The data:
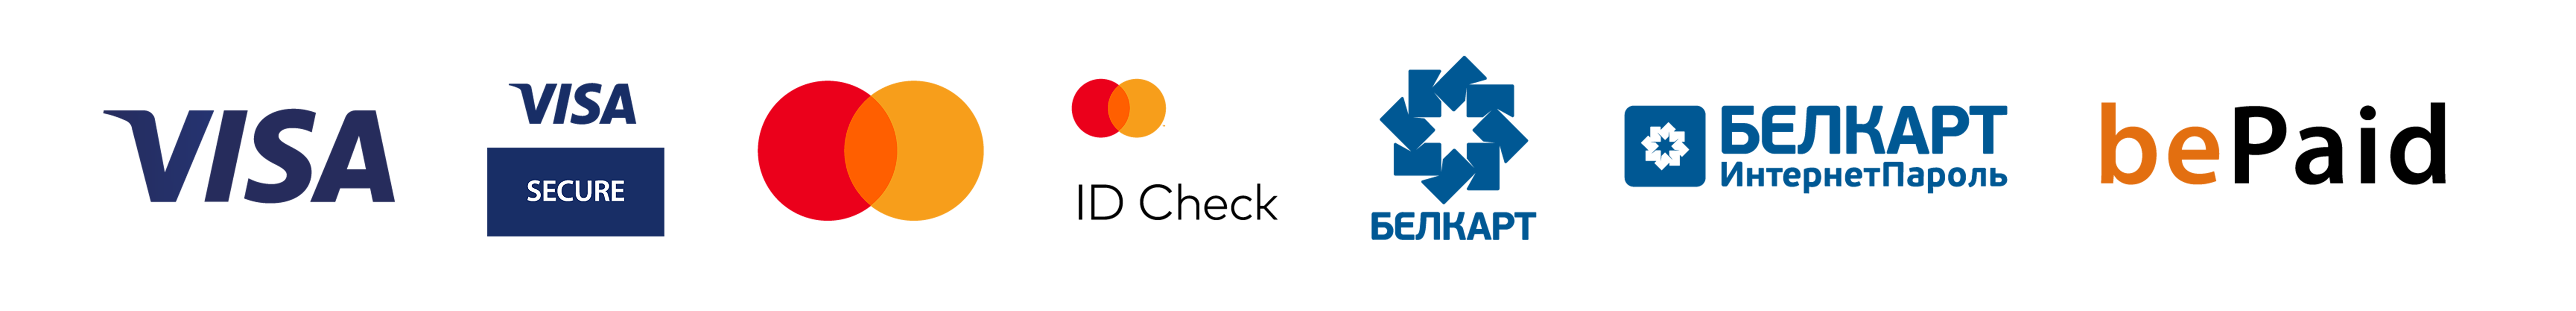 логотипы для футера цветные на прозрачном фоне (519)
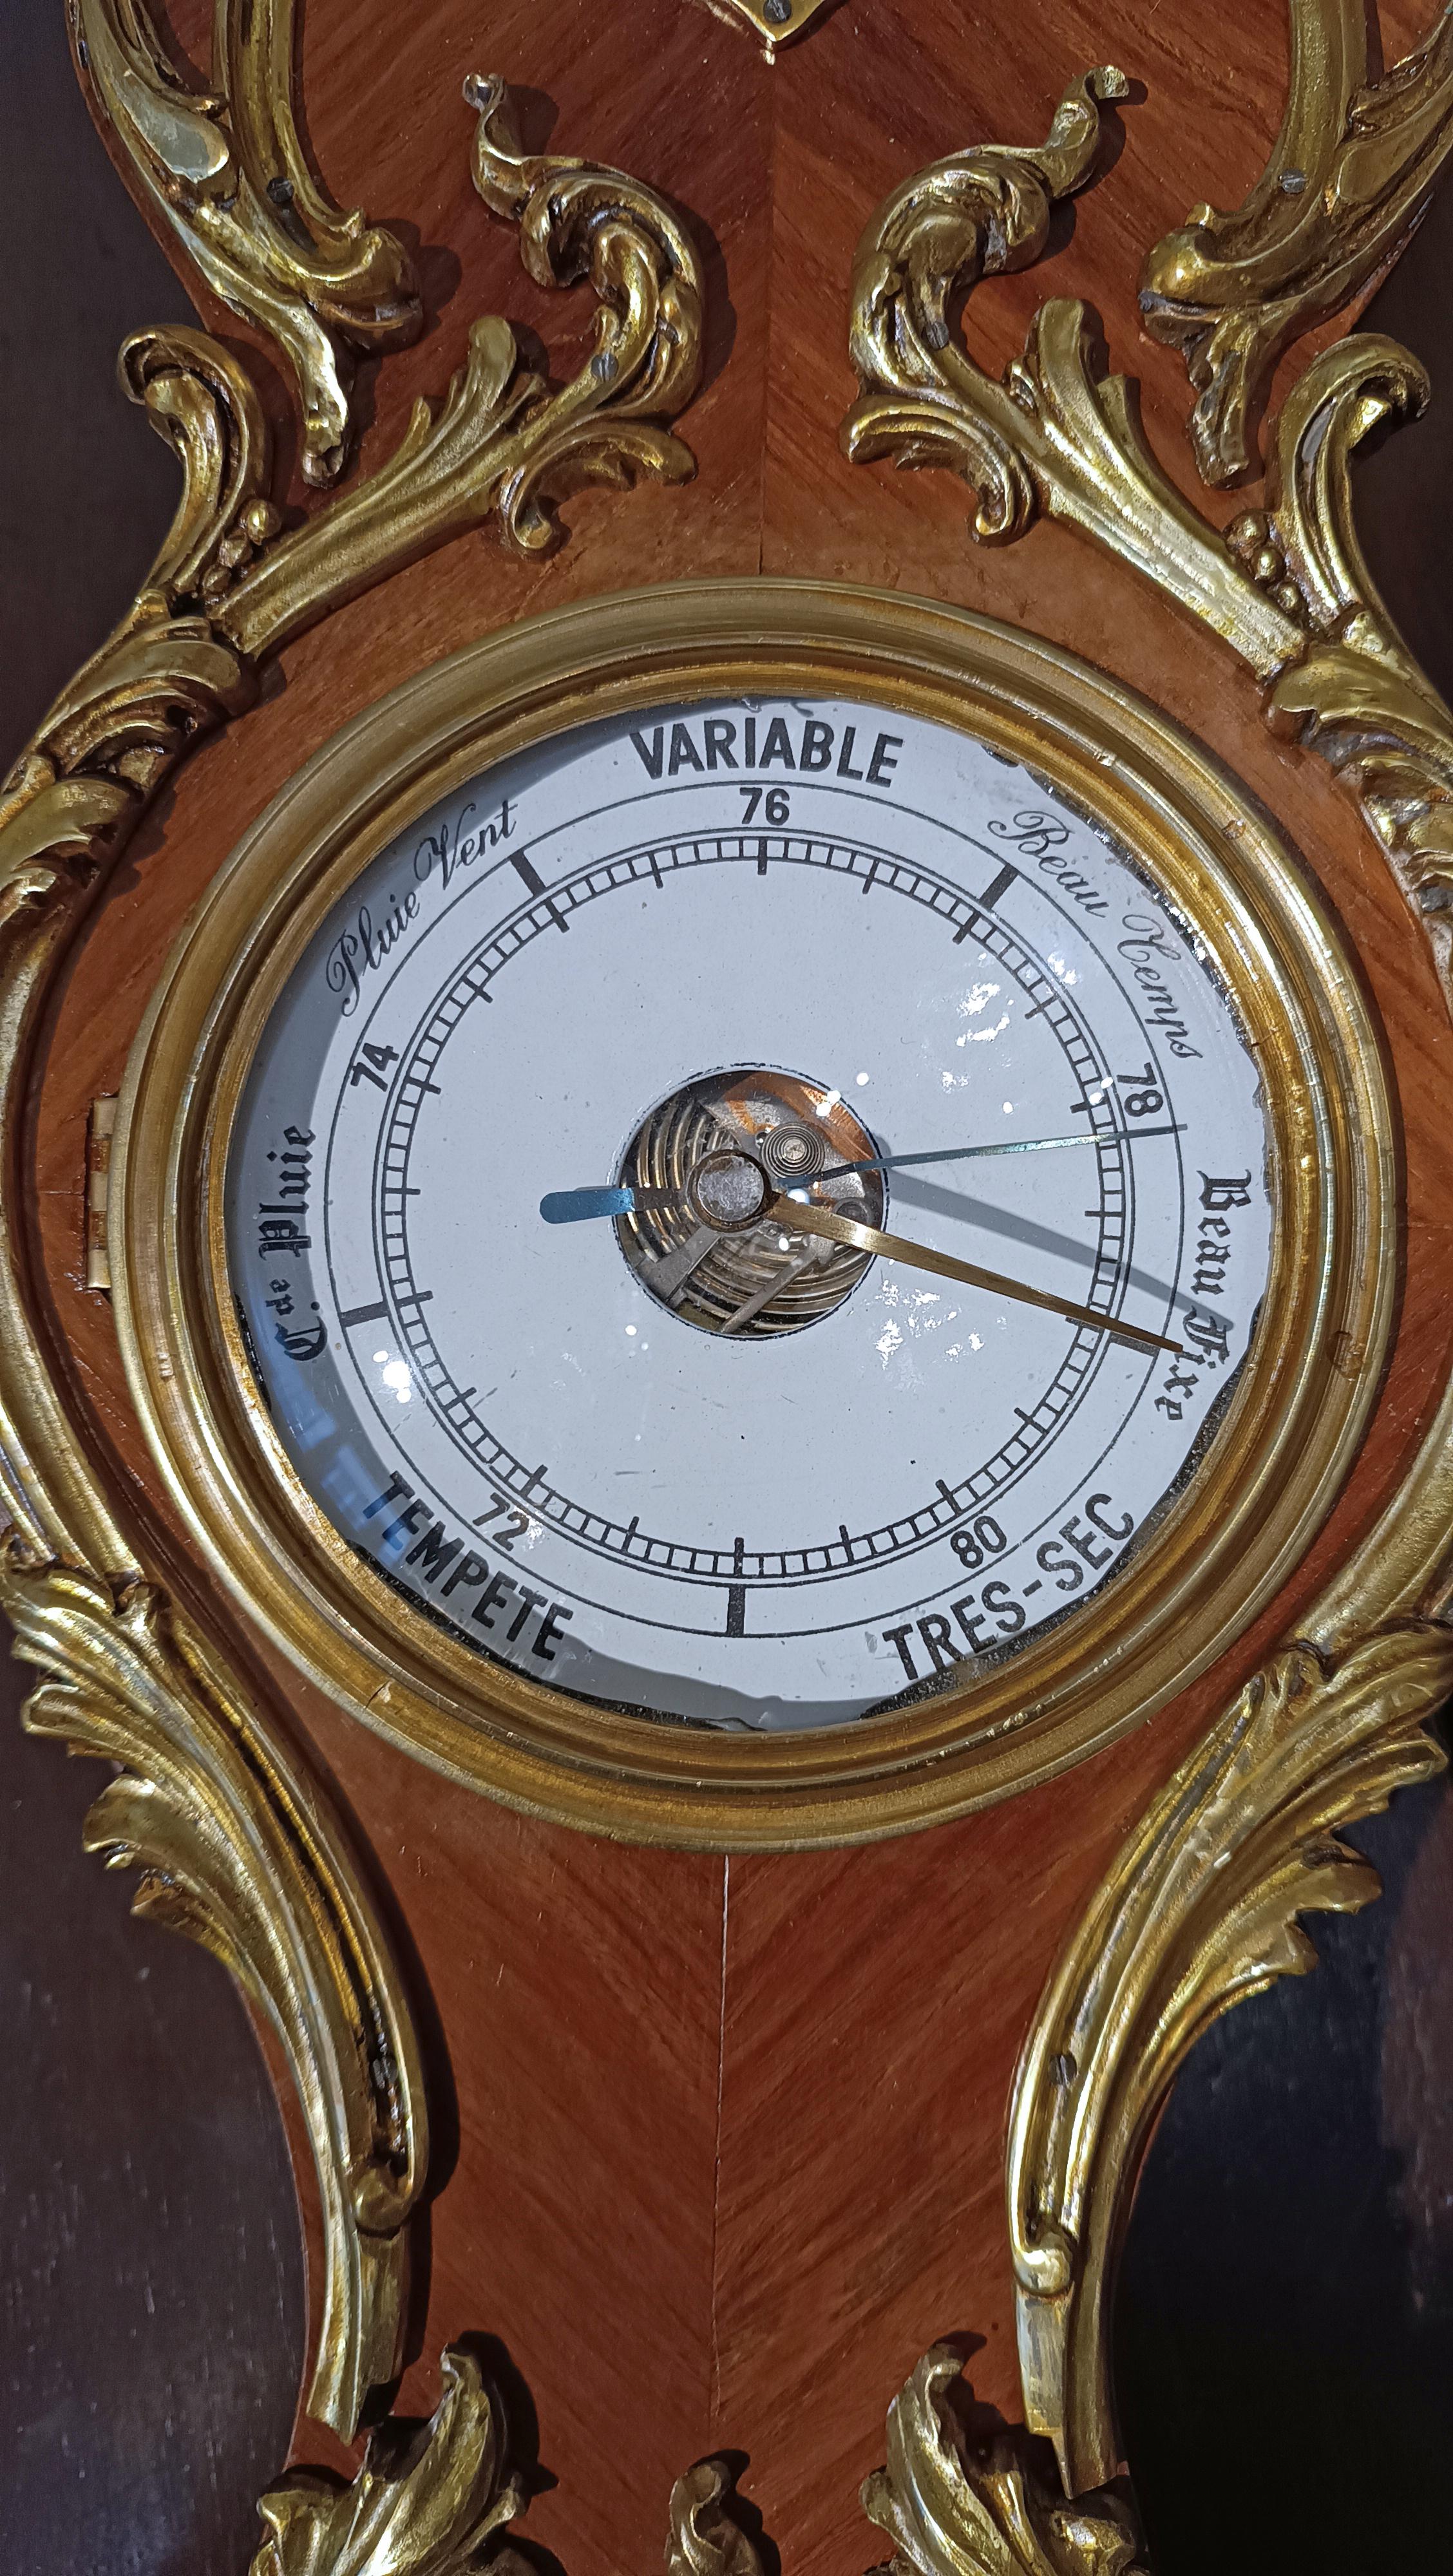 Dieses schöne Wandbarometer mit Raumthermometer ist ein sehr wertvolles Kunsthandwerk, das aus französischer Produktion stammt und auf die Zeit Napoleons III. zurückgeht (etwa zweite Hälfte des 19. Jahrhunderts). Er ist aus Holz gefertigt und mit
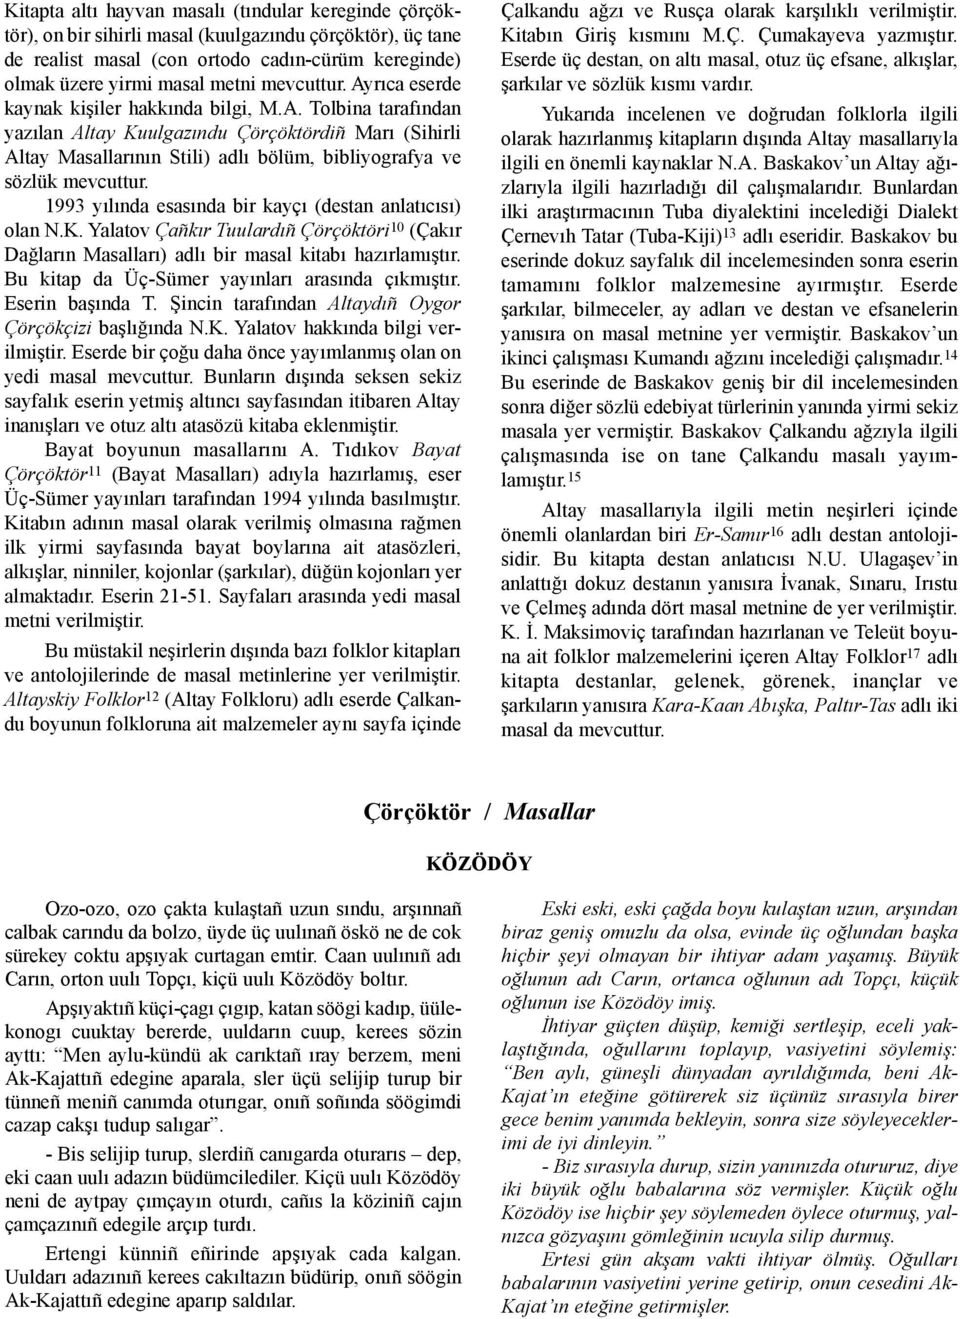 1993 yýlýnda esasýnda bir kayçý (destan anlatýcýsý) olan N.K. Yalatov Çañkýr Tuulardýñ Çörçöktöri 10 (Çakýr Daðlarýn Masallarý) adlý bir masal kitabý hazýrlamýþtýr.

Exercise prompt: Give again the lines from the line that contains "Dieses schöne Wandbarometer" through the last line of the material above, exactly and with both ends included. Omit the pictures.

Answer area:
 Dieses schöne Wandbarometer mit Raumthermometer ist ein sehr wertvolles Kunsthandwerk, das aus französischer Produktion stammt und auf die Zeit Napoleons III. zurückgeht (etwa zweite Hälfte des 19. Jahrhunderts). Er ist aus Holz gefertigt und mit
 1993 yýlýnda esasýnda bir kayçý (destan anlatýcýsý) olan N.K. Yalatov Çañkýr Tuulardýñ Çörçöktöri 10 (Çakýr Daðlarýn Masallarý) adlý bir masal kitabý hazýrlamýþtýr.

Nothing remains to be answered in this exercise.